Silverado 6 – E. Trine Starnes Jr – With God And Ronald Reagan On His Side
Peter Brewton describes E. Trine Starnes Jr as perhaps `the biggest con man that Texas ever produced’ , a dubious honor. (1) Brewton adds:
In terms of dollar amounts [stolen] he easily distanced Billie Sol Estes, friend of LBJ and Morris Jaffee and on a national scale he is right up there with the fugitive financier Robert Vesco
Sol Estes and Vesco, were minor leaguers compared to more modern day financial crooks like Bernie Madoff, Bernie Eggers, Ken Lay and Jeffrey Skilling, but in their day Sol Estes and Vesco were `the Magellan’s’ of their age, probing as yet untapped possibilities of massive fraud, financial shyster pioneers of sorts, paving the way for even higher levels of greed and corruption in the post millenial world. And smooth talking E. Trine Starnes Jr – who never spent a night in jail (from what I can tell) – is right up there with the best of them, and with God and Ronald Reagan on his side to boot.

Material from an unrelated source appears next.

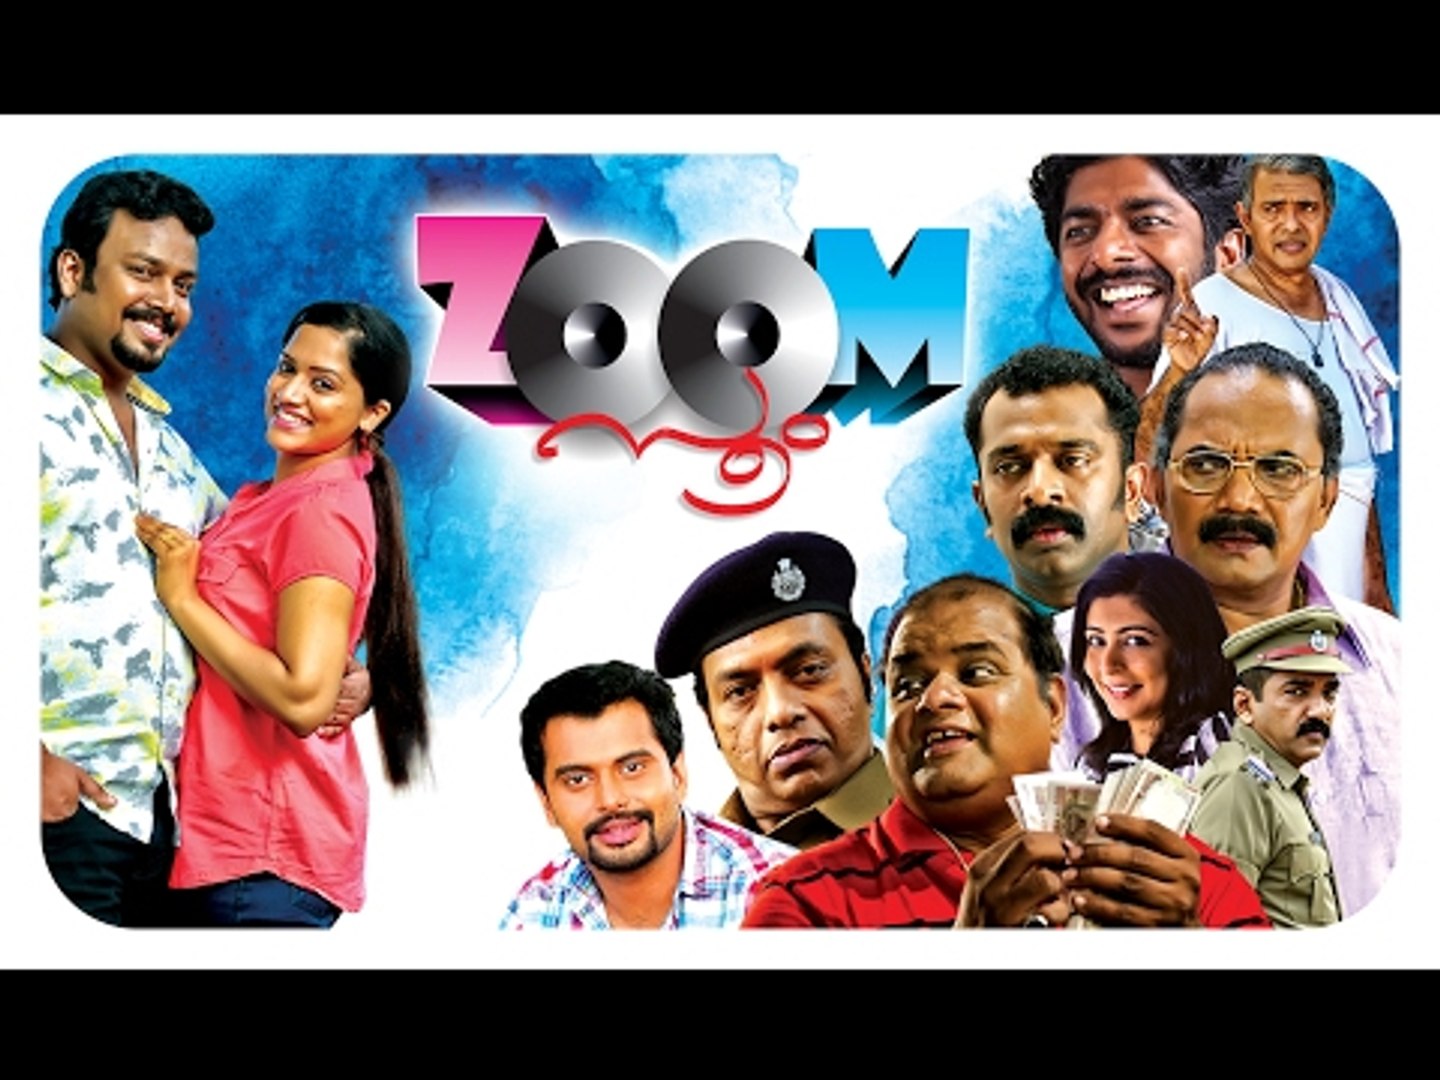 Malayalam Full Movie 2016 | Zoom | Malayalam Comedy Movies | Latest Malayalam Movie Full 2016 [HD]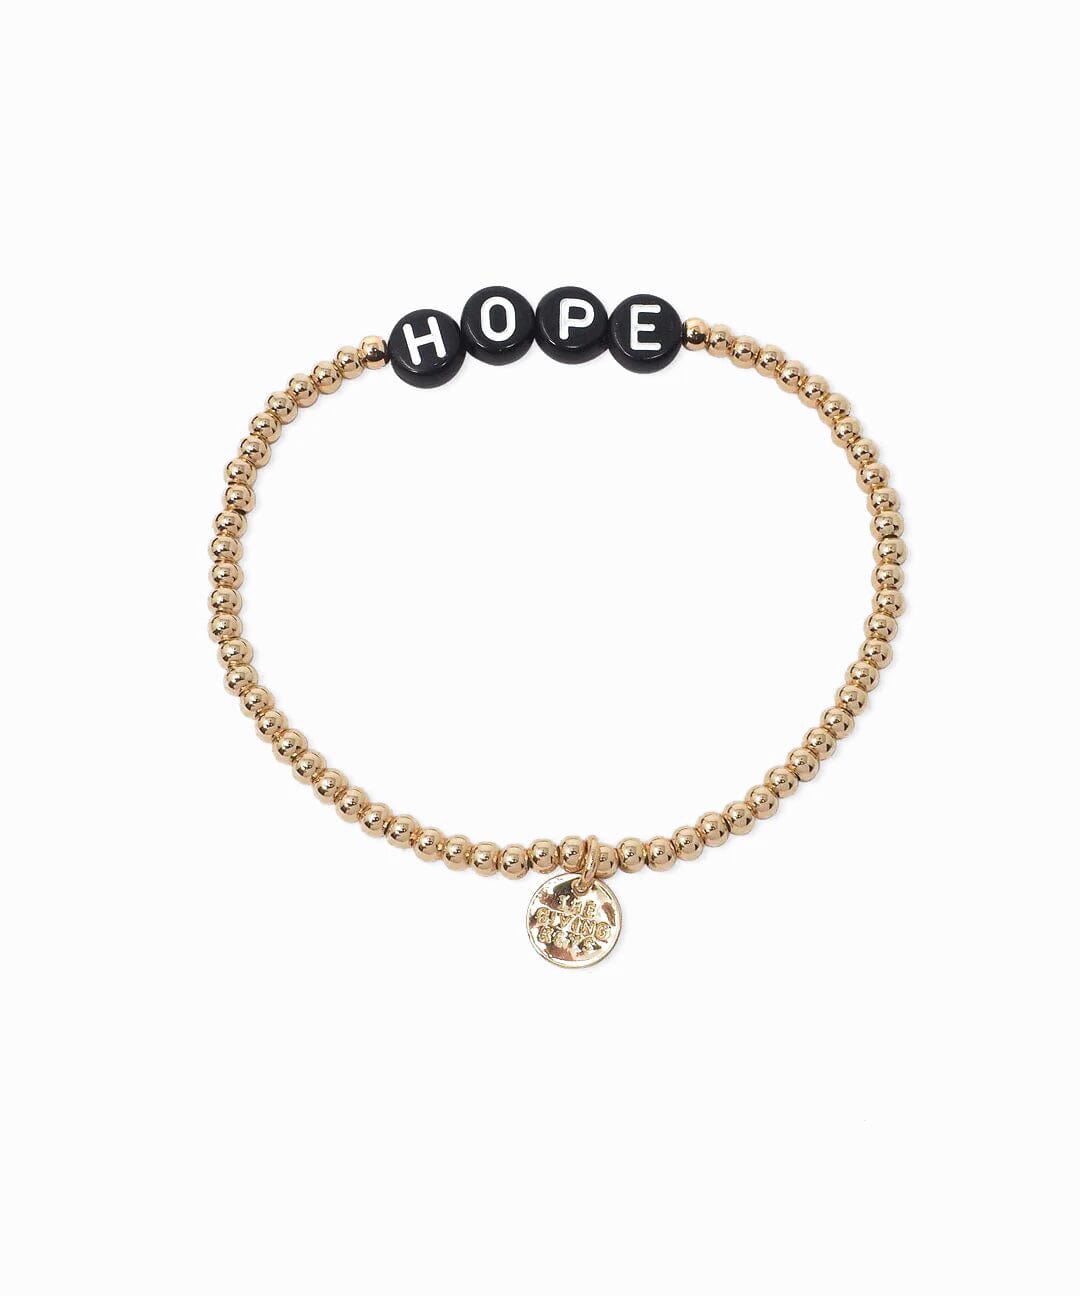 HOPE Beaded Bracelet Bracelets The Giving Keys GOLD

Certainly an initial scan of the Savings and Loan literature suggests this an accurate portrait.
Twenty odd years after the scandal has died down, Starnes’ name has almost disappeared from public attention. Two references suggest the man is still with us. The first is a 2002 reference to Mr and Mrs. E. Trines Jr as being charter members of the President’s Circle of Texas Christian University in Abilene. The second is a 2008 real estate notice in a New Orleans newspaper stating that an E. Trine Starnes Jr sold a condominium there for $ 150,000 odd dollars to the Road Home Corporation. $150,000 is small potatoes considering the sums that were passing through the man’s hands decades earlier.
Only one bit of information to add to this portrait…an email, from a man claiming to know him. It claims that after the Silverado venture, Starnes lives – or lived – somewhere near San Diego, that he has always been careful to avoid publicity as it could backfire and that he was involved in a real estate kickback scheme in which he’d rent office space for high prices…and then refund some of the money to the renters. The higher rent on the books, inflated the property’s value, making it more profitable to o sell as it gave the appearance the building was more in demand than it was in actuality. The he’d sell the building and the sucker who bought it would wonder why he couldn’t get the rents and profits out of deal that Starnes did.
How accurate a picture? It rings true, the shyster at work trying to remain incognito, avoiding the limelight, still up to his old tricks, traveling quietly in the same right wing Republican circles, but quietly…
If today Starnes Jr. does not have the name recognition of a Neil Bush, still, in his own way he is one of the more curious figures whose fate and that of Silverado Bank converged.
Son of a Texas Church of Christ Evangelist
The son of a Texas Church of Christ Evangelist, Ellison Trines Starnes Sr, `Junior’ s’ is nothing short of a non-stop story of a man out of control.
- His first documented brush with economic troubles was as early as 1973 when at the tender age of 28 he was determined legally responsible for driving a Dallas Texas company called CIC Cosmetics International into bankruptcy. An investor sued and won a judgement against Starnes of nearly $250,000.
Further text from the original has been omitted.